While the defect is prepared free-hand when using the shell technique, the dowel technique requires the use of cannulated dowel reamers. The goal of recipient-site preparation is the creation of a perfectly cylindrical void. To begin, a guide wire is inserted perpendicular to the tangent of the articular surface. The reamer is passed over the guide wire and advanced to a healthy, bleeding base of bone, usually measuring a depth of 6 to 12 mm referenced from the normal articular surface. In cases where multiple osteochondral plugs are required to fill the cartilage lesion, a bridge of 1 to 3 mm is left between recipient sites. Attempts should be made to avoid convergence of tunnels when multiple dowels are needed. Recipient sites that converge into each other risk inability to fully seat each graft and/or inadequate press-fit fixation.

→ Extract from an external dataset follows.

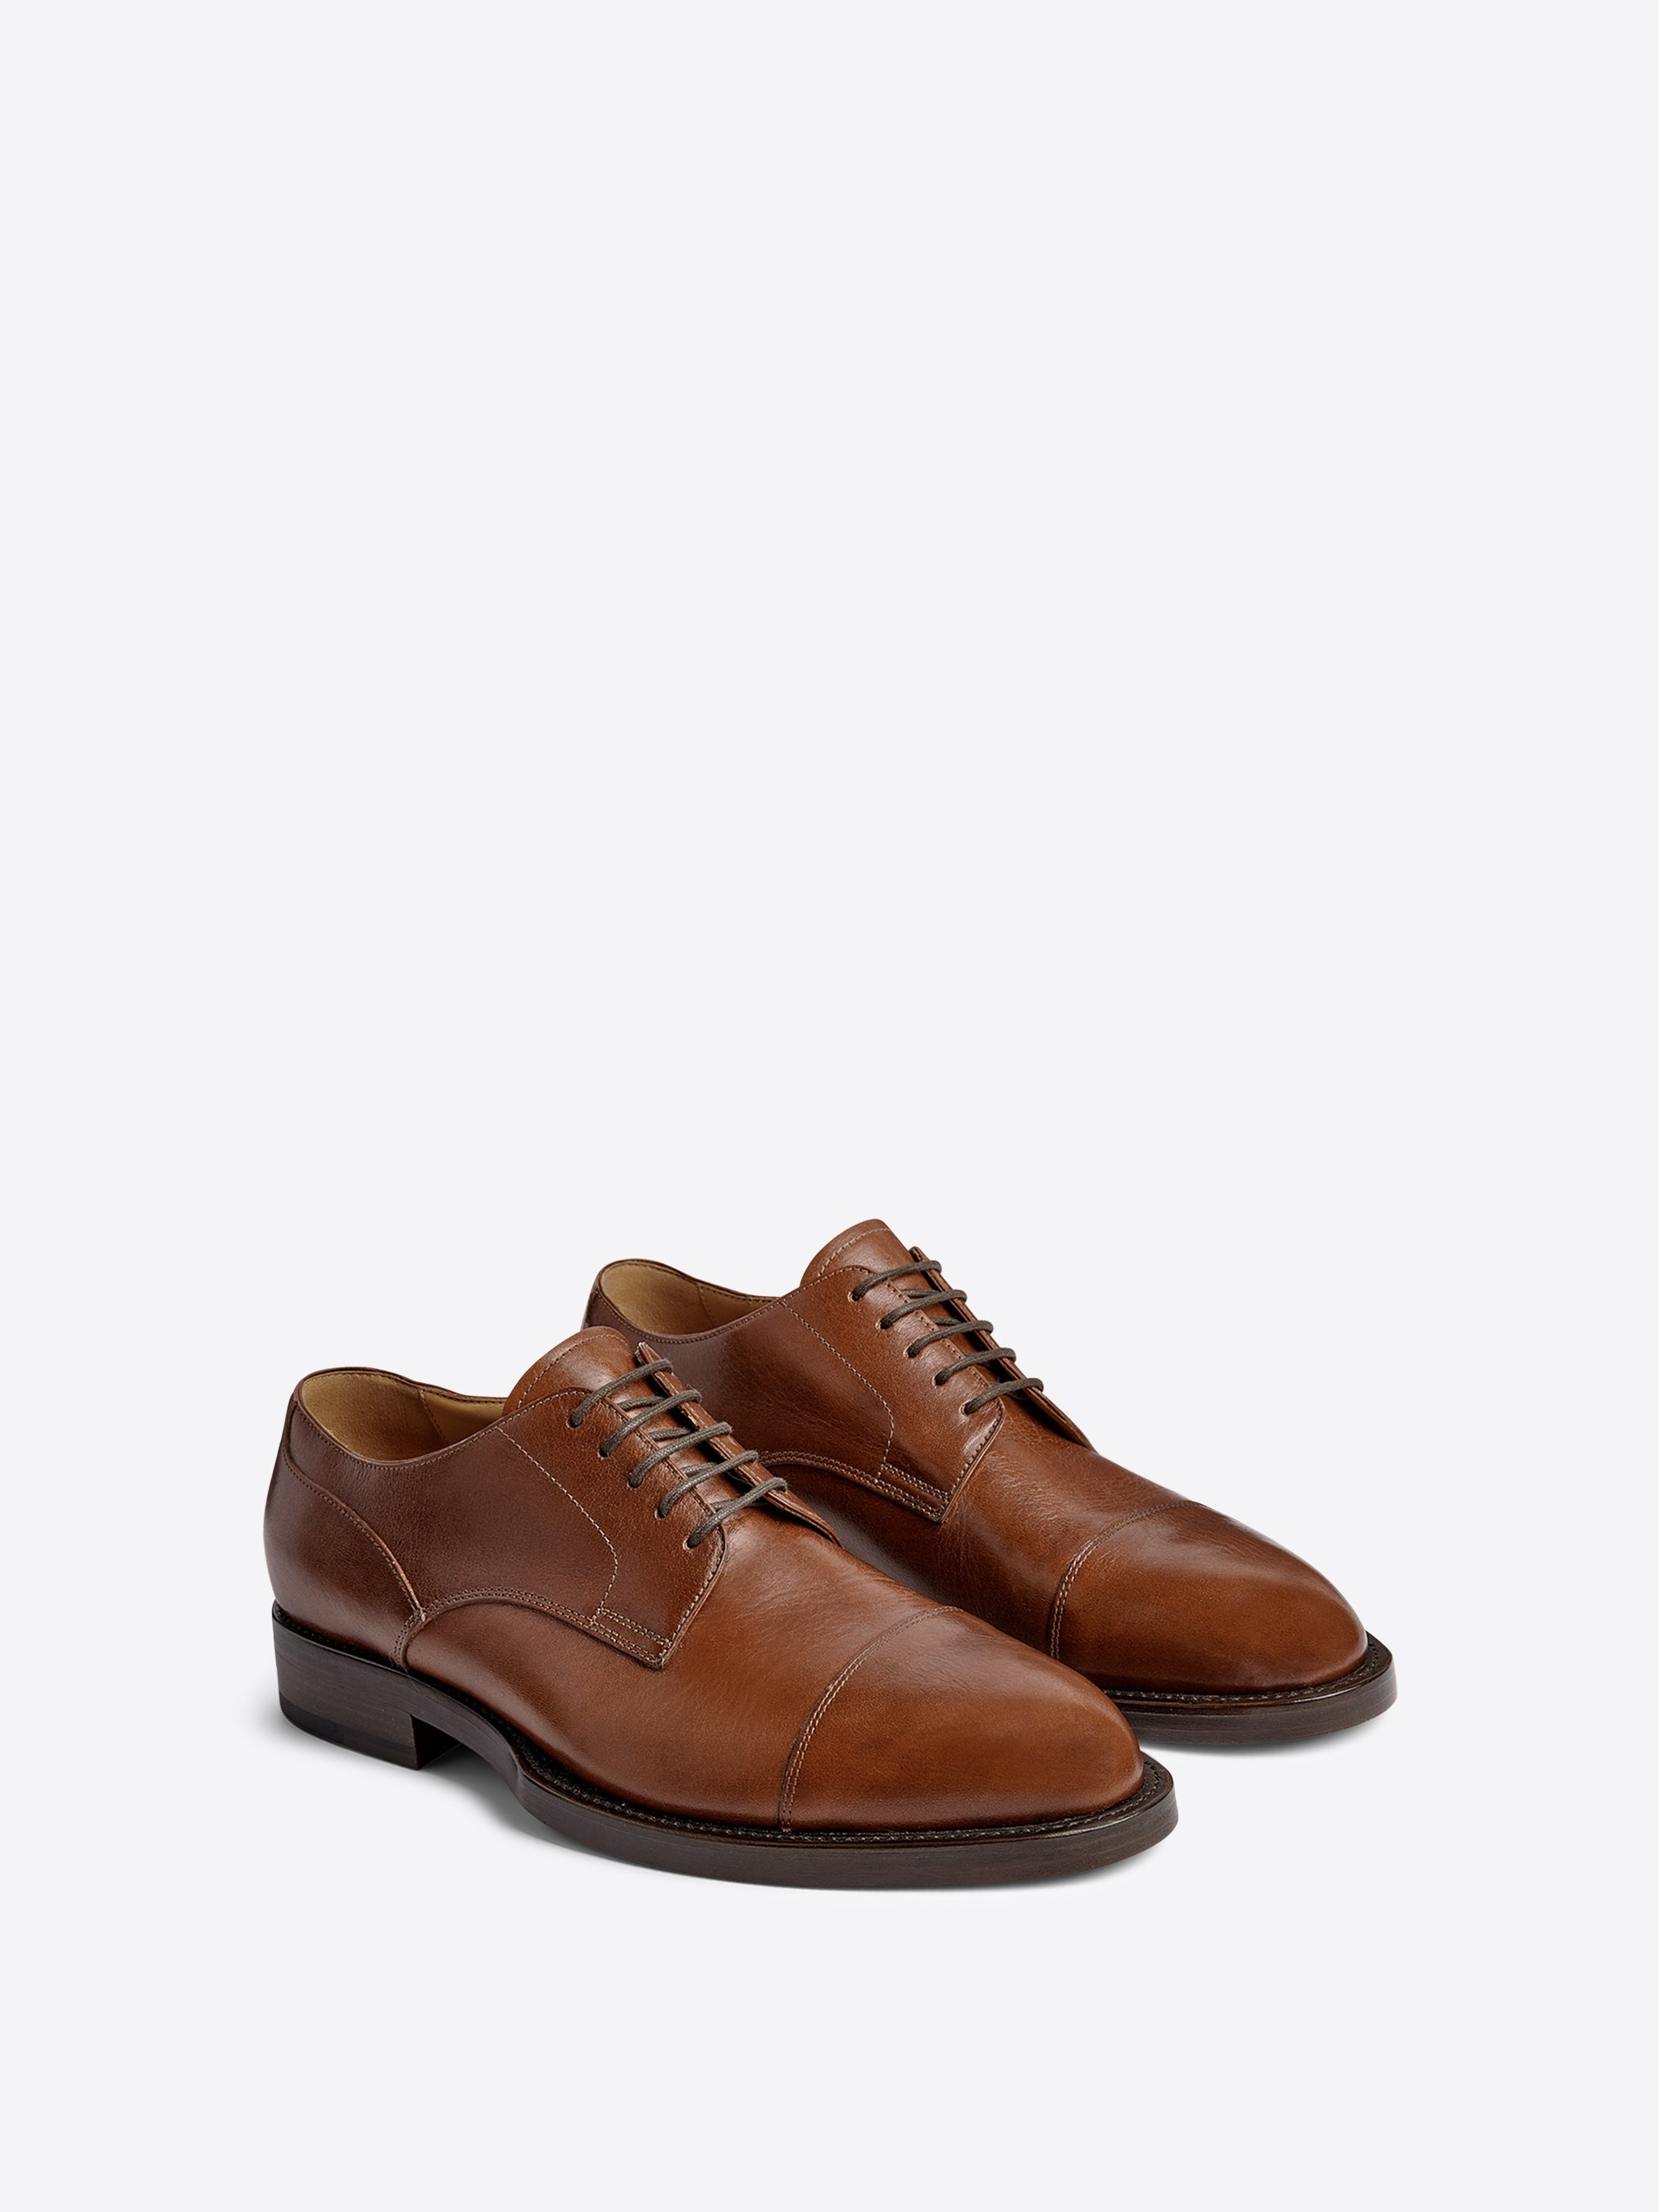 LEATHER DERBY SHOES - 3

Allograft preparation can commence only after the recipient site dimensions have been determined. Using a surgical marker, hash marks are made on the adjacent articular cartilage at the 12-, 3-, 6-, and 9-o’clock positions of defect border. The depth of the defect is measured at each of these four sites and recorded. These measurements serve as a guide to assist in the creation of a dowel allograft plug.

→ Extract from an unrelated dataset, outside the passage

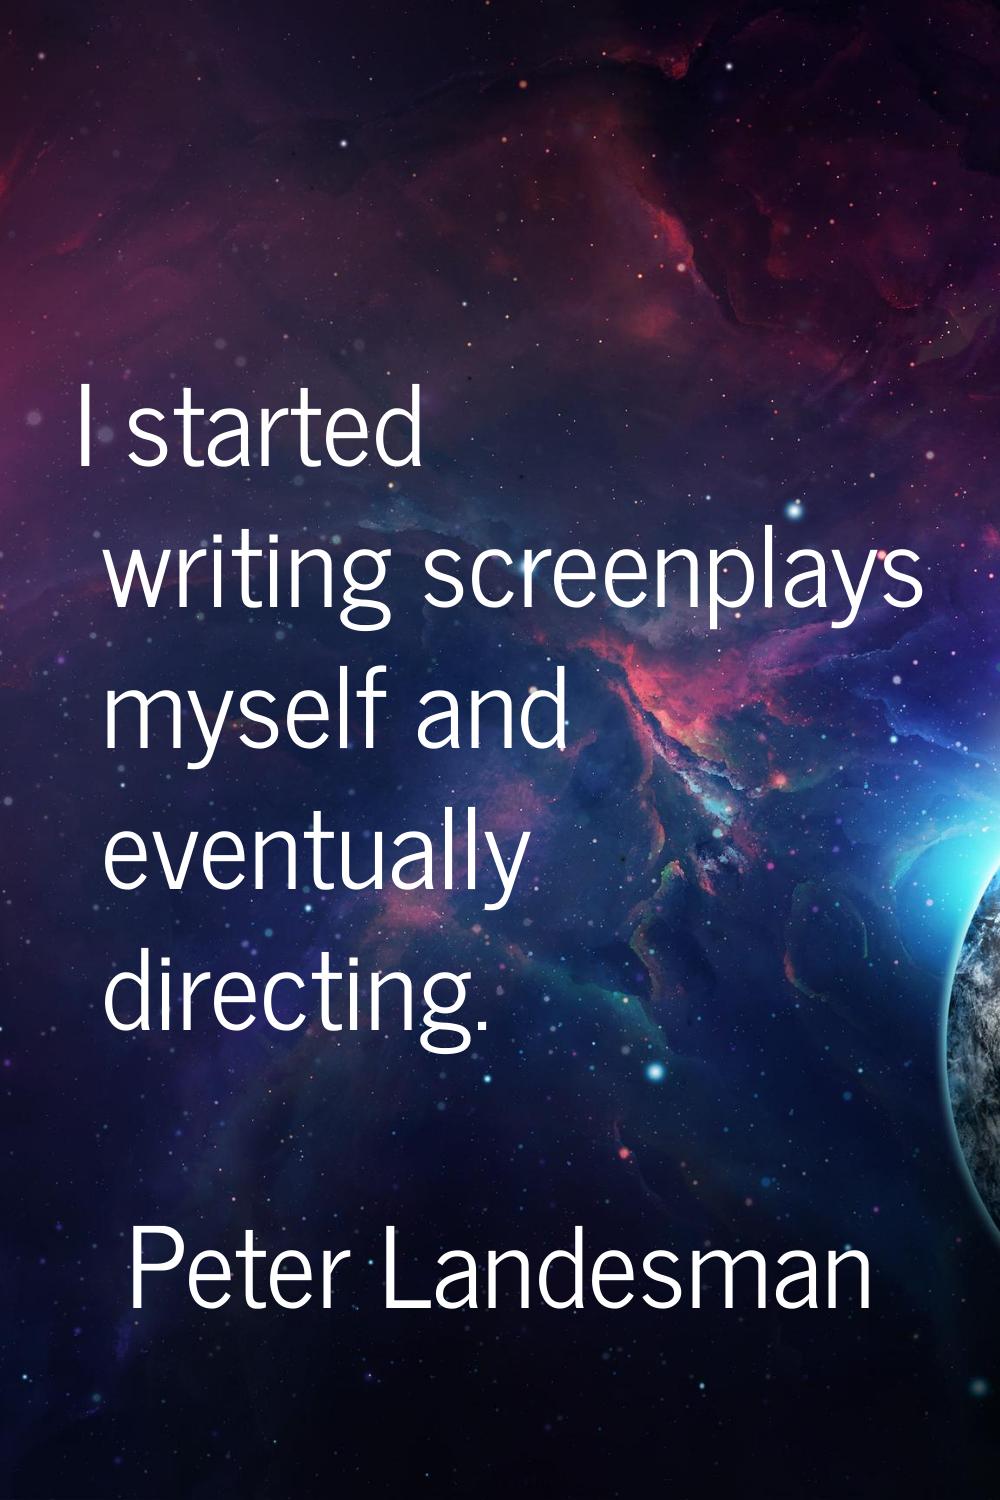 I started writing screenplays myself and eventually directing.

The contour of the allograft articular cartilage must replicate the contour of the surface to be recreated. A medial condyle defect can be restored equally effectively using a medial or lateral hemicondyle allograft [25••]. With the allograft hemicondyle secured in a commercially available holder, a cylindrical dowel is created using a donor reamer passed perpendicular to the tangent of the articular surface. Using the measured depths of the recipient site, the graft is marked at four quadrants of the allograft dowel. These markings serve a guide to cut the graft and ensure correct length of the graft dowel. The osseous portion of the graft is copiously irrigated to minimize allogeneic cells that may contribute to graft-host reaction.

The dowel allograft is positioned with the hash marks aligned and gently tapped into place. Regardless of technique, precise contour matching and gentle handling of the articular surface are important elements contributing to the ultimate success of the procedure. Often times, especially when an osteochondral dowel is used, one of the quadrants of the graft does not match the contour of the recipient surface layer [25••]. This “uneven” edge is usually turned toward the less articulating region such as the border of the notch. Multiple studies have demonstrated that contact pressures on the graft are maximal when the surface of the allograft is left proud when compared to the recipient articular cartilage surface layer [26, 27].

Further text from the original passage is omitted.